ISSUES: Whether or Not BAES is the owners of the lot, because of article 461? Whether or not the owner, BAES, is entitled to compensation? HELD: - No He is not the owner of the lot. Thus, the title should be cancelled and issue a new one. - Yes, he is. However, he has already claimed his compensation. Thus, he cannot claim anymore. Petition Denied. RATIO: TITLE CANCELLED, BAES NOT THE OWNER The only remaining dispute relates to Lot 1-B which the petitioners, relying on Article 461 of the Civil Code, are claiming as their own. A portion of the Tripa de Gallina creek was diverted to a man-made canal which totally occupied Lot 2958-B (with an area of 3,588 sq.m.) belonging to Felix Baes. Thus, the petitioners claim that they became the owners of the old bed (which was eventually filled up by soil excavated from Lot 2958-B) by virtue of Article 461. Article 461 of the Civil Code states: River beds which are abandoned through the

natural change in the course of the waters ipso facto belong to the owners whose lands are occupied by the new course in proportion to the area lost. However, the owners of the land adjoining the old bed shall have the right to acquire the same by paying the value thereof, which value shall not exceed the value of the area occupied by the new bed.

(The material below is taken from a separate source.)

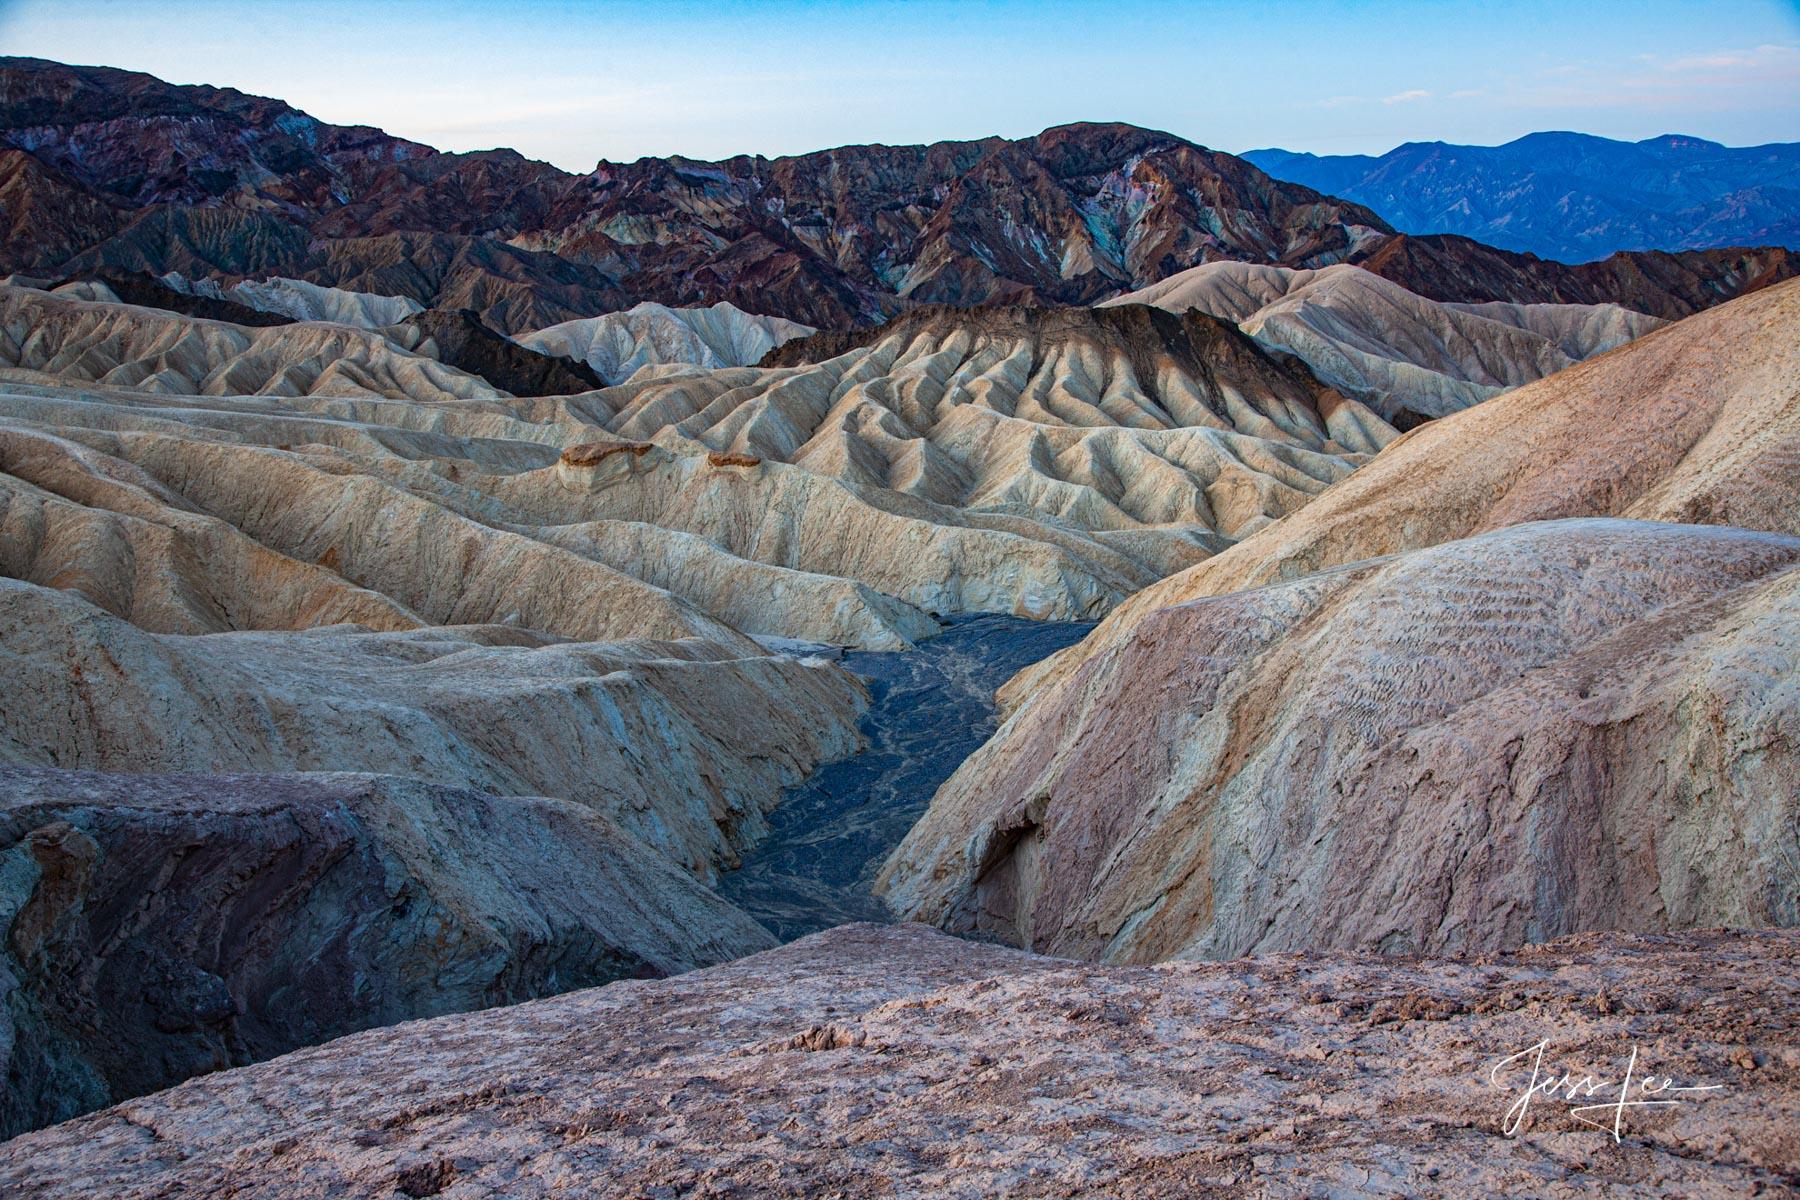 Death Valley Badlands Desert California's Death Valley Desert. 50 Exclusive high-resolution Museum Quality Fine Art Prints. Photos...
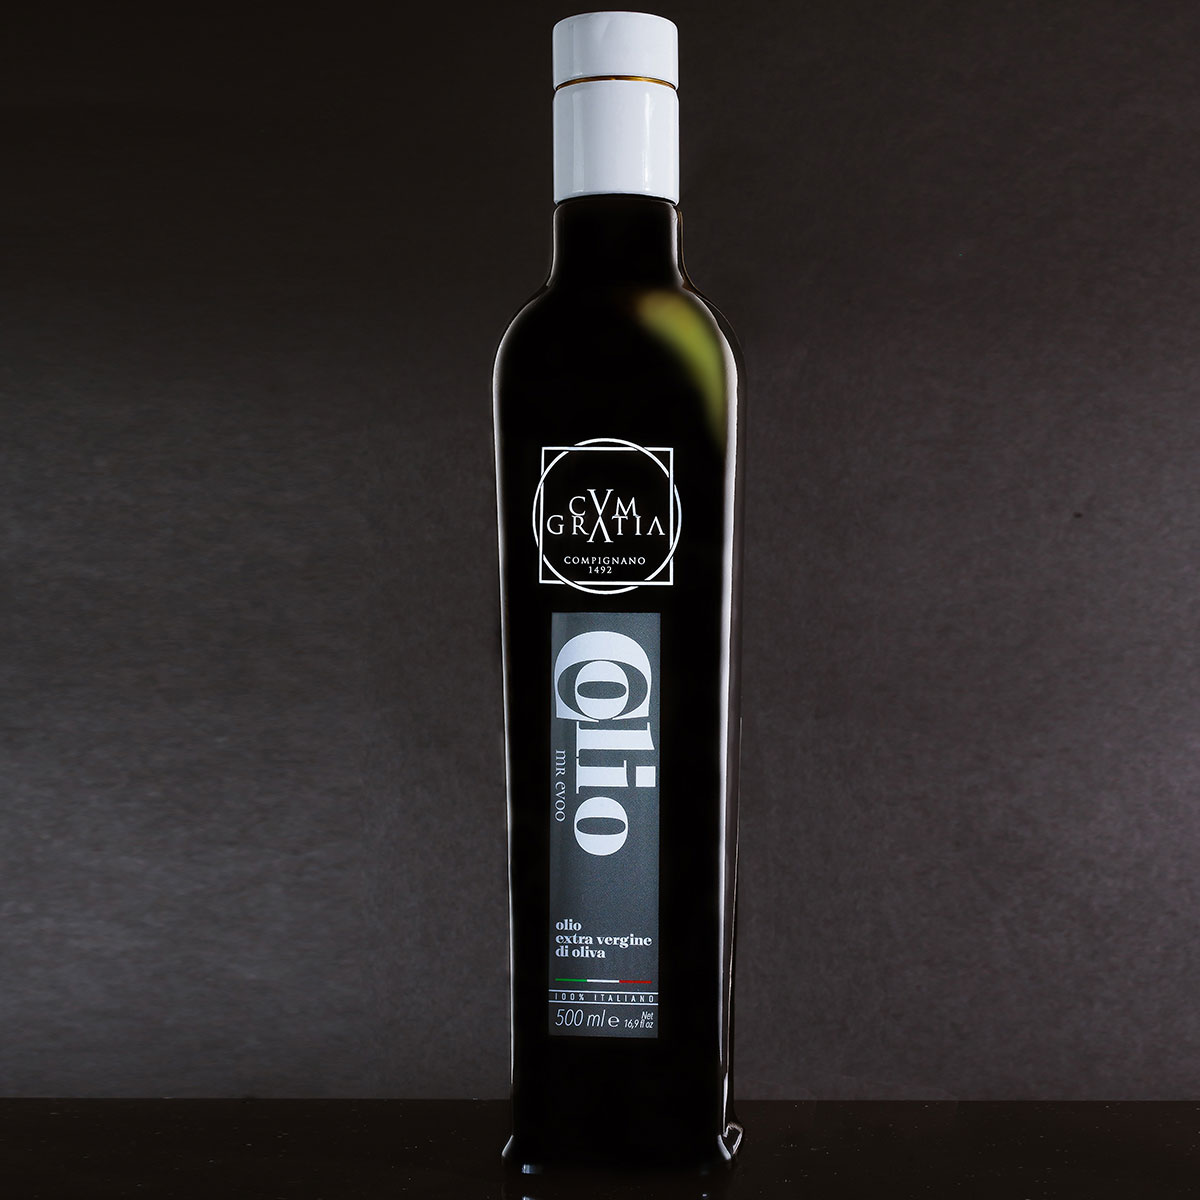 Olio extra vergine di oliva umbro COLIO® Mr EVOO ml 500 [BOX 6 bottiglie]

The government rejects this claim and avers that the petitioners had already been fully compensated for it on June 20, 1970 when they agreed to exchange their Lot 2958-B with Lot 3271-A belonging to the government. NOT ENTITLED OF COMPENSATION If the riparian owner is entitled to compensation for the damage to or loss of his property due to natural causes, there is all the more reason to compensate him when the change in the course of the river is effected through artificial means. The loss to the petitioners of the land covered by the canal was the result of a deliberate act on the part of the government when it sought to improve the flow of the Tripa de Gallina creek. It was therefore obligated to compensate the Baeses for their loss. We find, however, that the petitioners have already been so compensated. Felix Baes was given Lot 3271-A in exchange for the affected Lot 2958-B through the Deed of Exchange of Real Property dated June 20, 1970. This was a fair exchange because the two lots were of the same area and value and the agreement was freely entered into by the parties. The petitioners cannot now claim additional compensation because, as correctly observed by the Solicitor General. Baes cannot claim additional compensation because allowing Baes to acquire ownership of the dried-up portion of the creek would be a clear case of double compensation and unjust enrichment at the expense of the state.